In the material below, the lines between the one holding "Corso di Parodontologia" and the one holding "Архитектурные причуды Петербурга, 1917–2019", inclusive, are to be set down word for word. Pictures stay out.

Record extracts:

──────

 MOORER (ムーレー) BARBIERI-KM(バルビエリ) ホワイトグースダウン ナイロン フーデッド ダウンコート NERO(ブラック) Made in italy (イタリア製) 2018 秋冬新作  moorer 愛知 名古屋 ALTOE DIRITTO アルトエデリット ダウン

──────

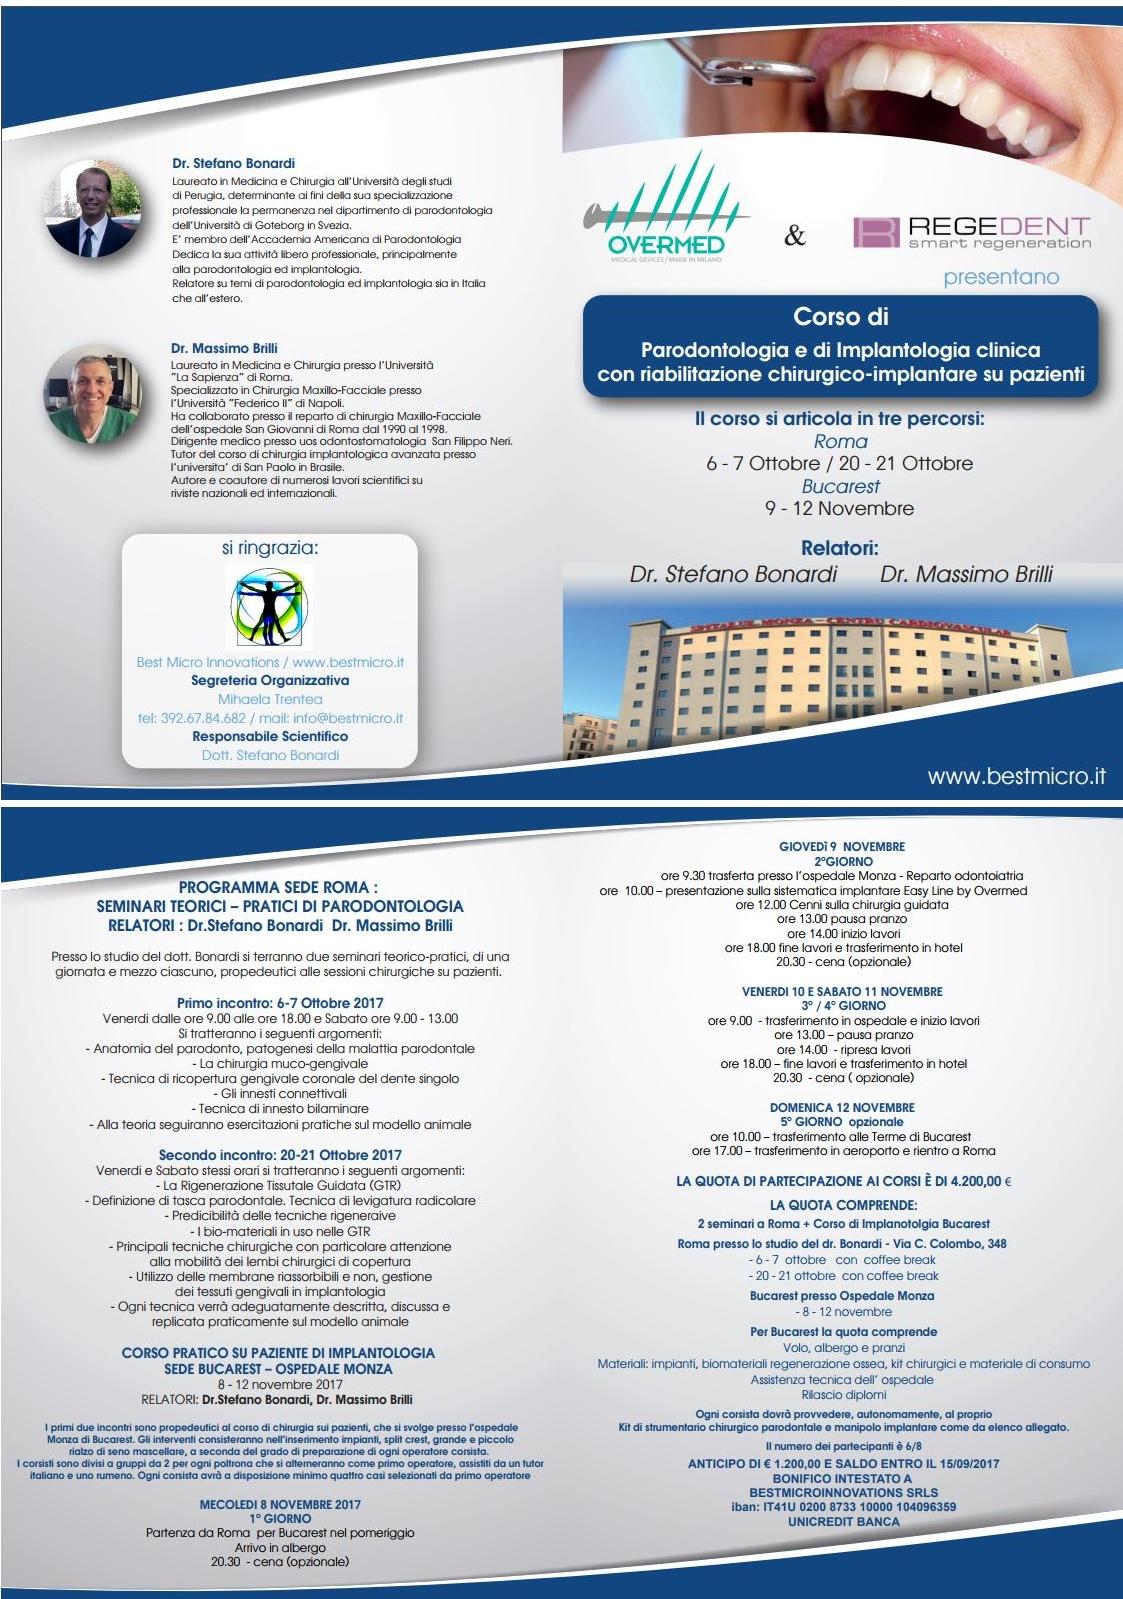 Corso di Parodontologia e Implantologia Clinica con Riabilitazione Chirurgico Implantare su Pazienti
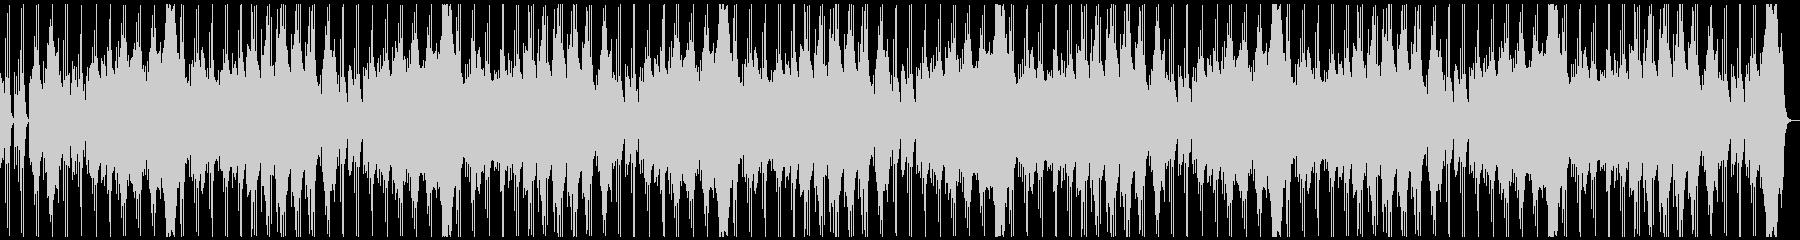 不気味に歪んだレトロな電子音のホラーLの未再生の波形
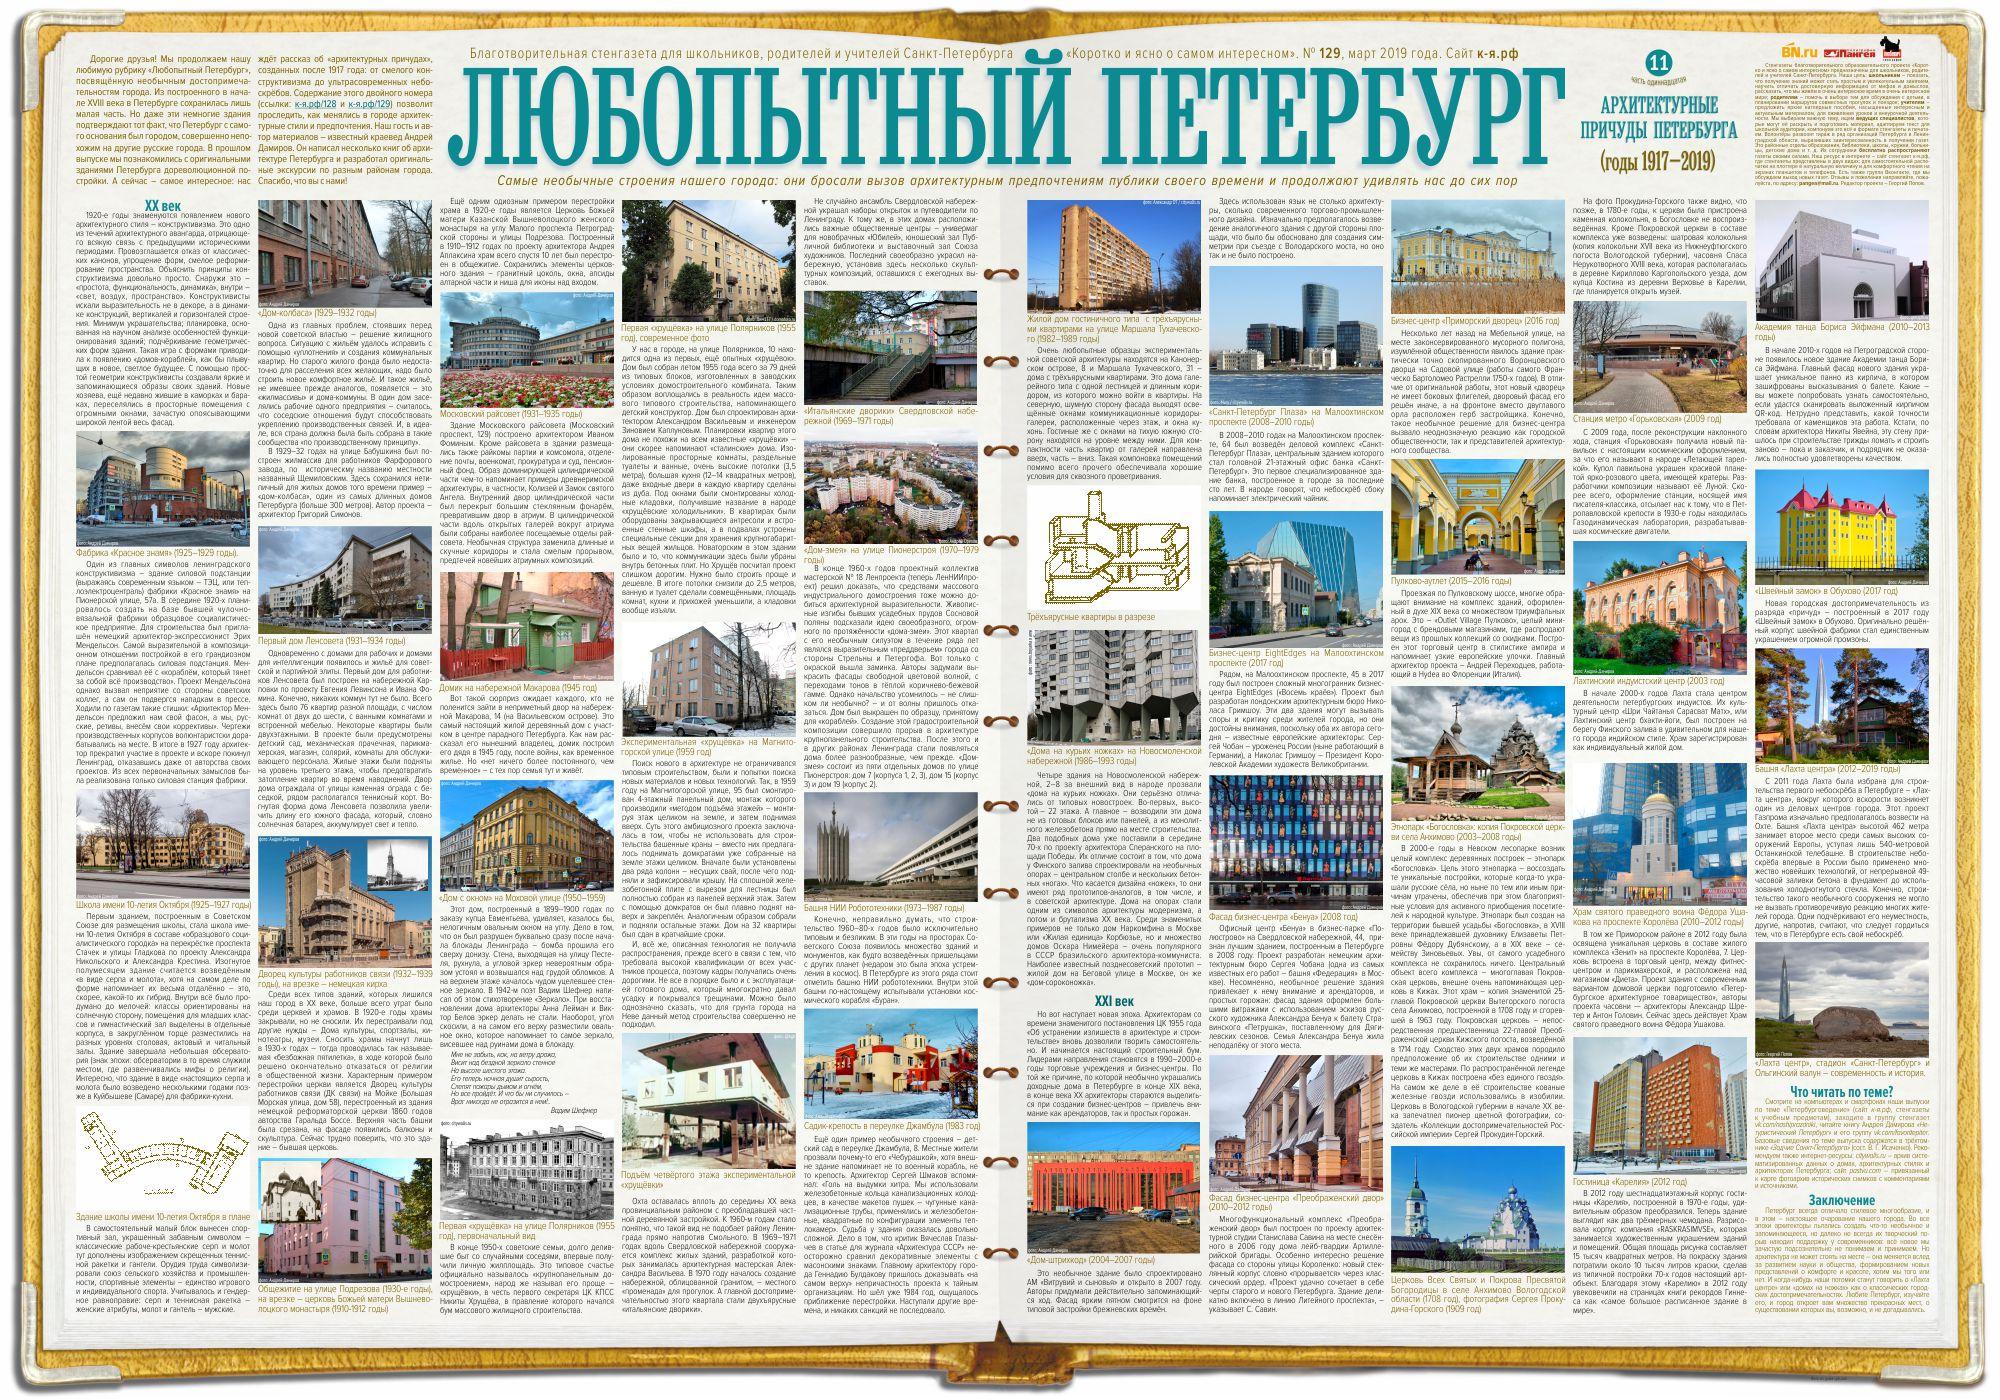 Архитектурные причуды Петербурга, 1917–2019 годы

──────

Task solution:
 Corso di Parodontologia e Implantologia Clinica con Riabilitazione Chirurgico Implantare su Pazienti
 不気味に歪んだレトロな電子音のホラーLの未再生の波形
 Архитектурные причуды Петербурга, 1917–2019 годы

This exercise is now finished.